Saturday, February 18, 2006


Sembene Ousmane is considered to be the father of African cinema. For Sembene, cinema is not just a form of entertainment, but also a vehicle of political and social commentary and a catalyst for change. In Sembene’s films, cinema becomes the privileged vehicle for the representation of colonial power because it can show how the field of the visible articulates power relations and relations of desire—and, of course, their intermingled nature. Sembene’s insistence on confronting these fields of desire and attempting to define and investigate them through cinema, however, seems to suggest that it is within these very visual fields that the battle against colonialism and racial inequities must be fought. Comme d'habitude, Sembene's latest film, Moolaadé, was amazing - provocative, shocking and all too real.
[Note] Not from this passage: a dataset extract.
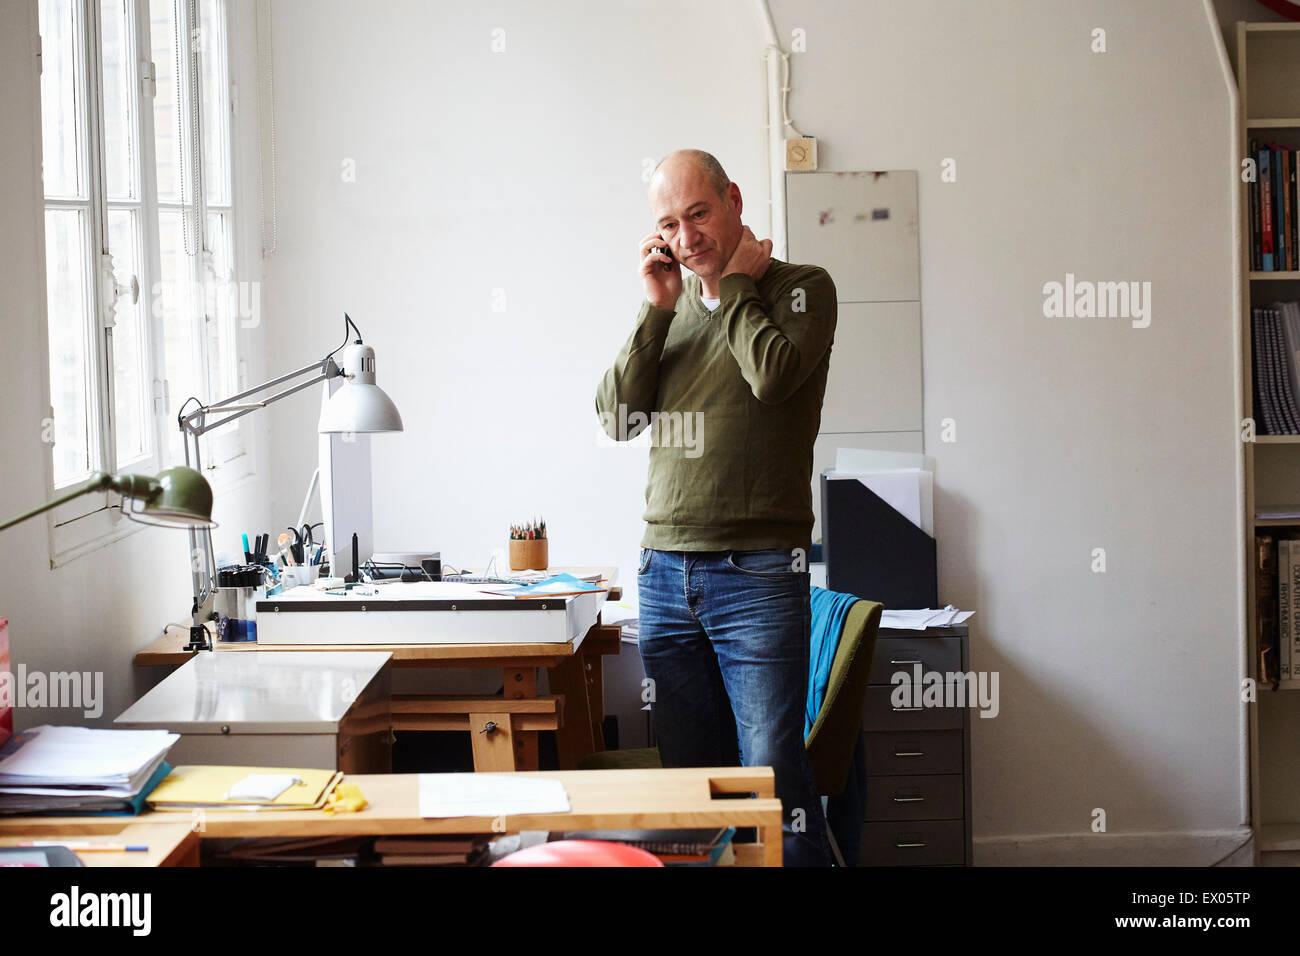 Homme mûr sur le téléphone dans creative studio Photo Stock

The film tells the story of four brave little girls in Burkina Faso who run away during a genital cutting ceremony ("l'excision") and seek refuge with a woman, Collé, who refused to allow her own daughter to be cut years earlier. Collé invokes the Moolaadé and, as long as the Moolaade is in effect, the girls cannot be removed from the enclosed cluster of huts where their protector and her extended family live. This causes the entire village to become involved in Collé's rebellious battle against tradition and the macho and even violent subjugation of women in African society. I couldn't believe what I saw and the scariest thing is that this process still occurs all over the world as we speak.